### Activity
Find "Wonderfully modern clear" in the material, then return exactly the line containing it and all lines after it to the end, leaving out pictures.

### The data
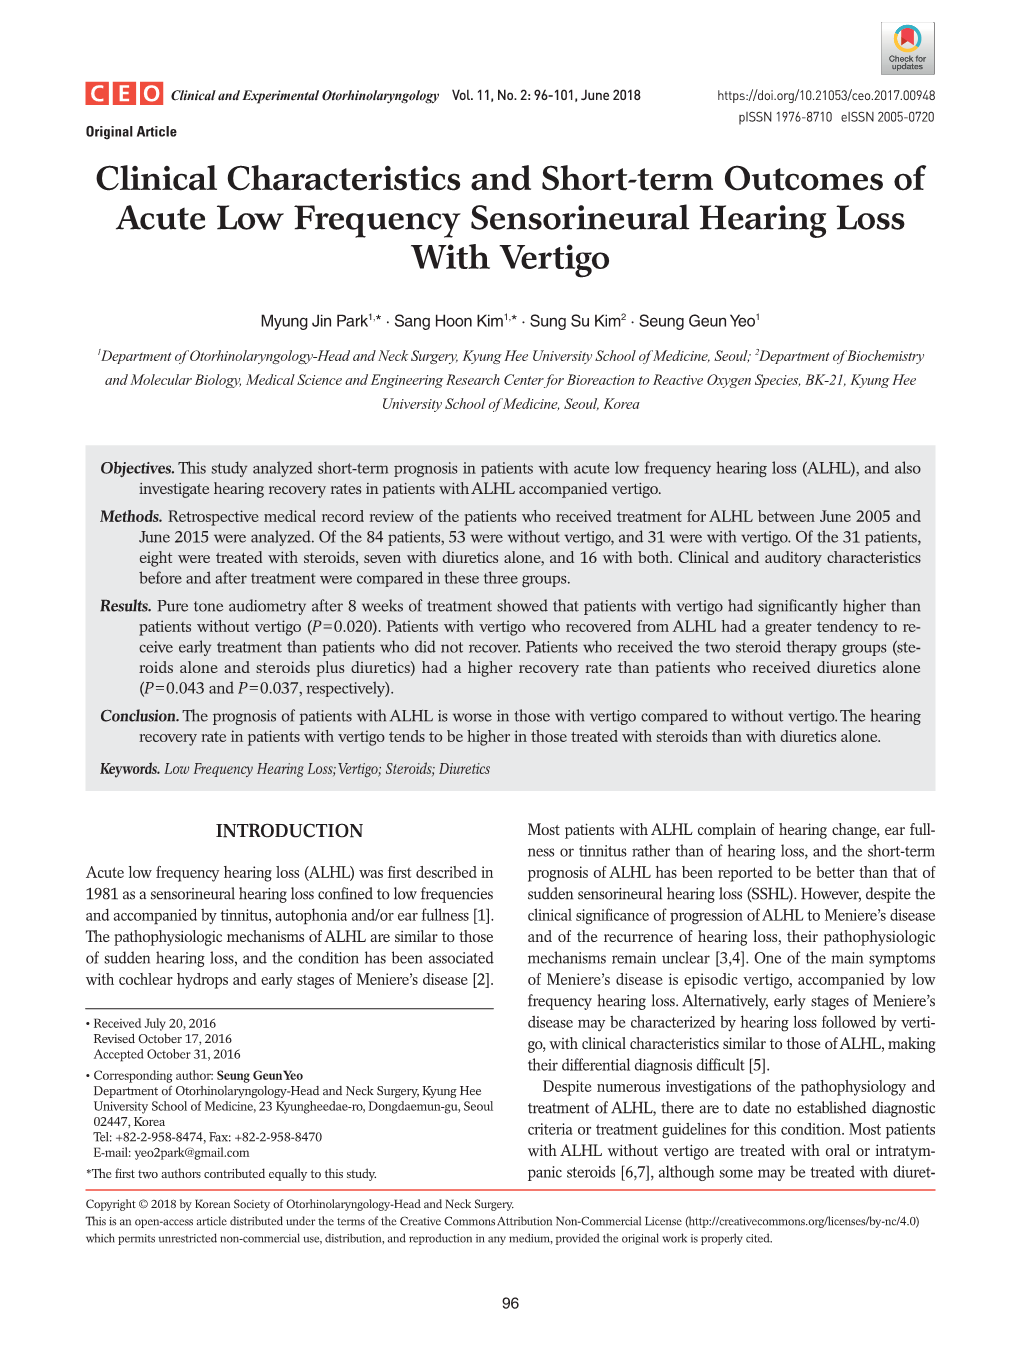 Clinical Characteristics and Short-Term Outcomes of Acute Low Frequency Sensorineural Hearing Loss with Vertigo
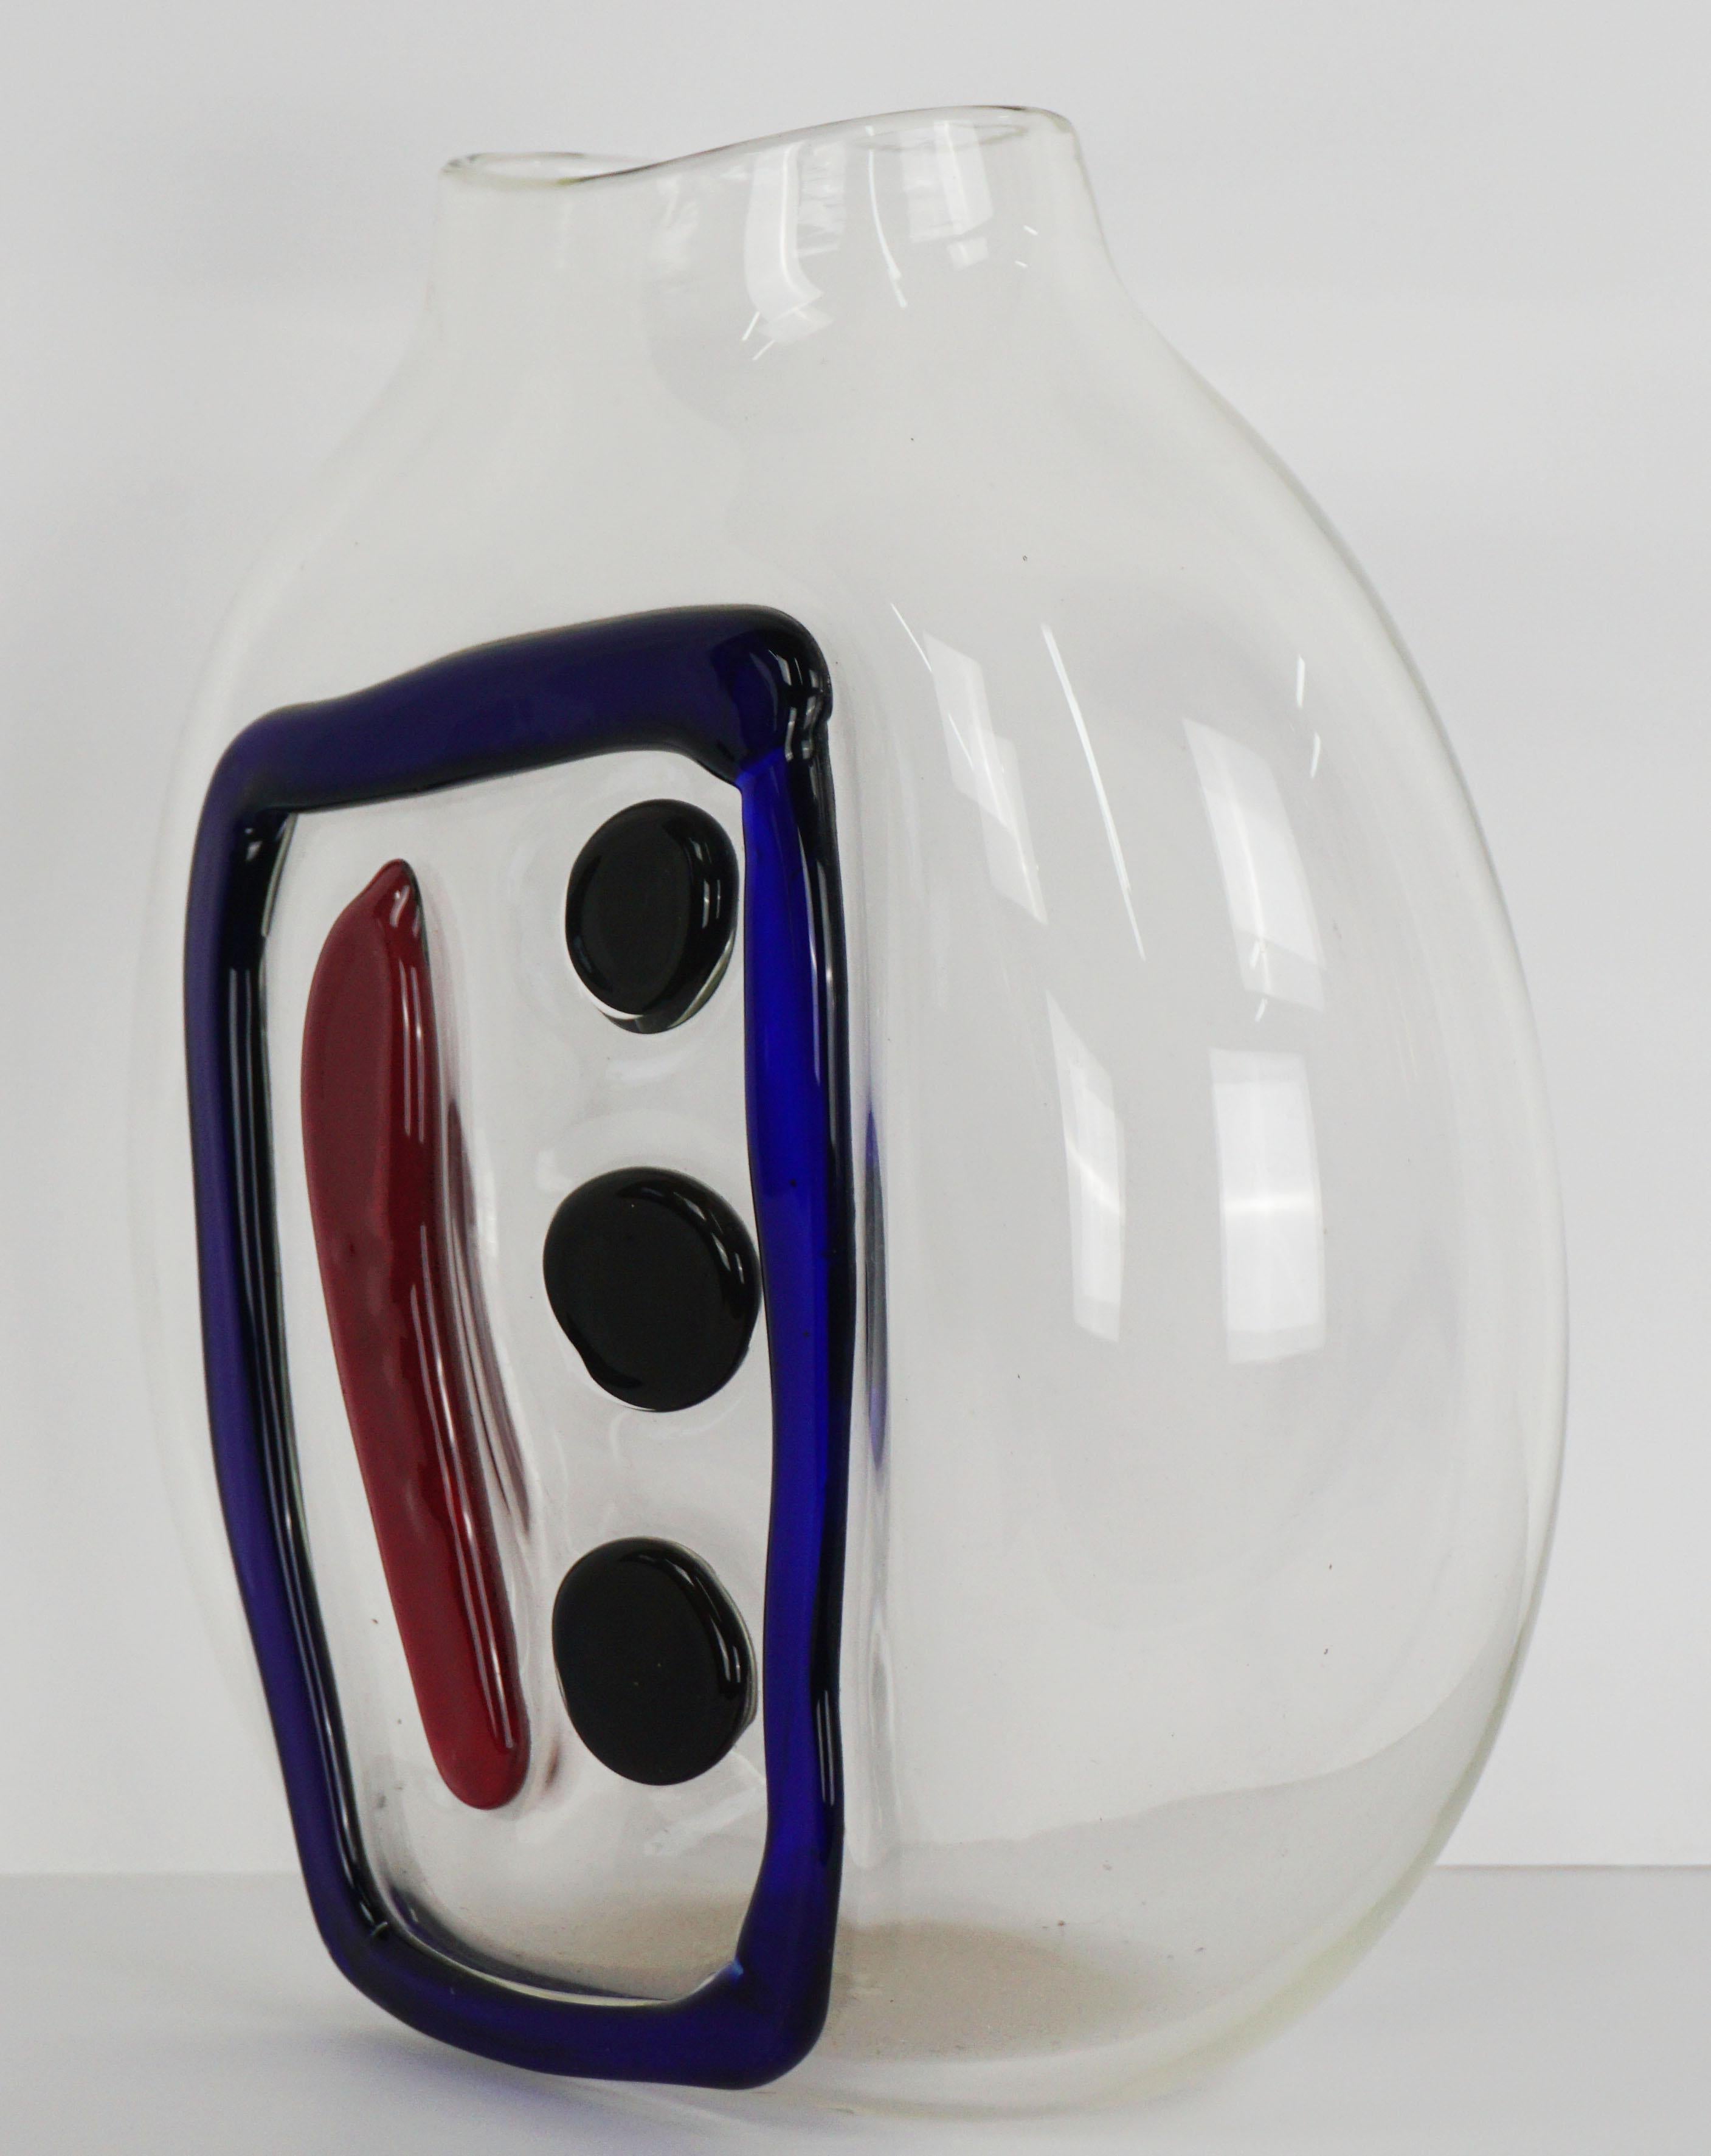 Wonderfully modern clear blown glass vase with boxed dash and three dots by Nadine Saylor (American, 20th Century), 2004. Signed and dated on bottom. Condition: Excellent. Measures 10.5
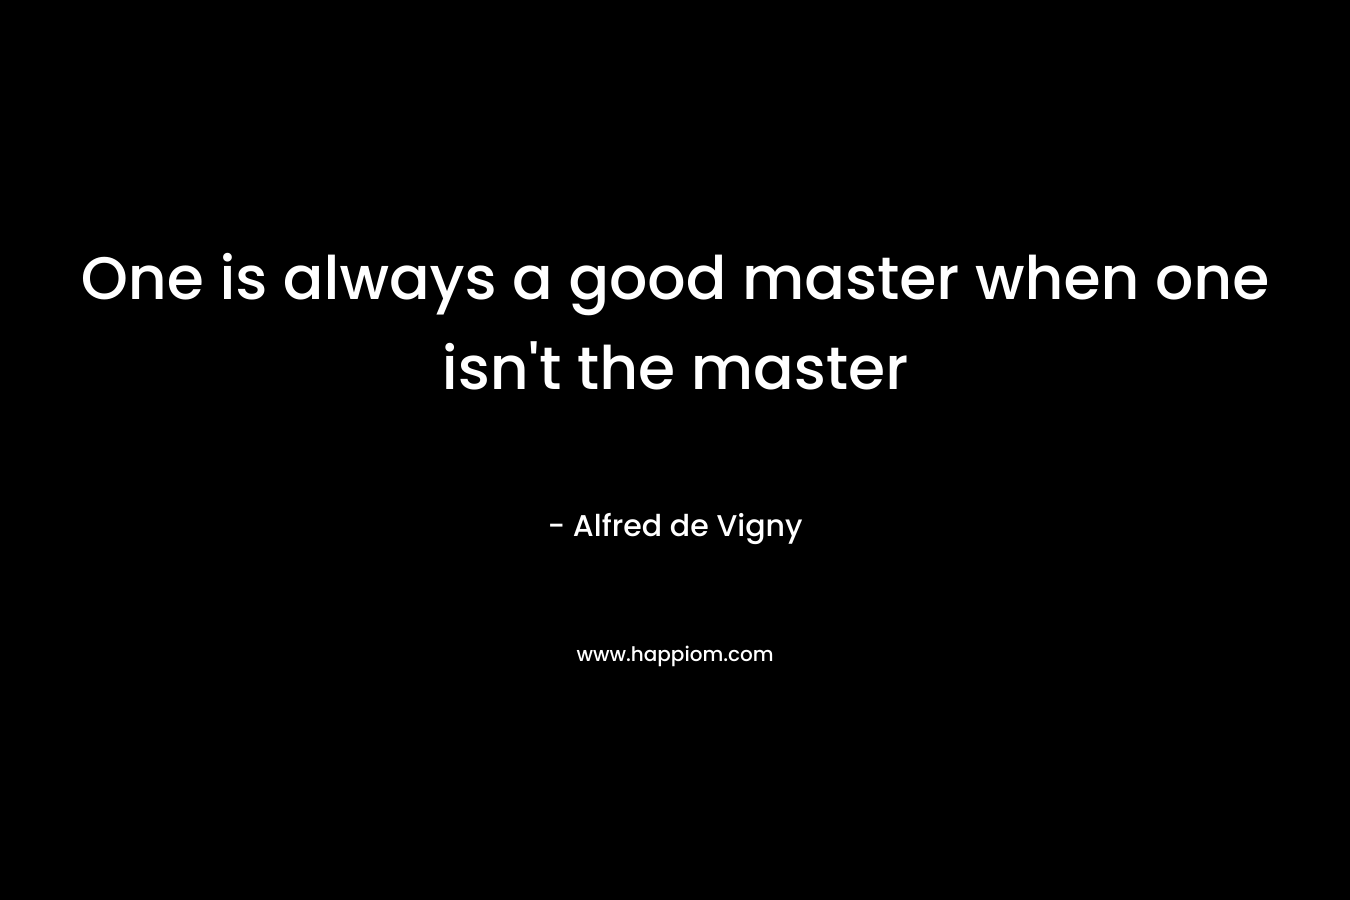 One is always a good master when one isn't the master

### Solution to this problem
 Wonderfully modern clear blown glass vase with boxed dash and three dots by Nadine Saylor (American, 20th Century), 2004. Signed and dated on bottom. Condition: Excellent. Measures 10.5
 One is always a good master when one isn't the master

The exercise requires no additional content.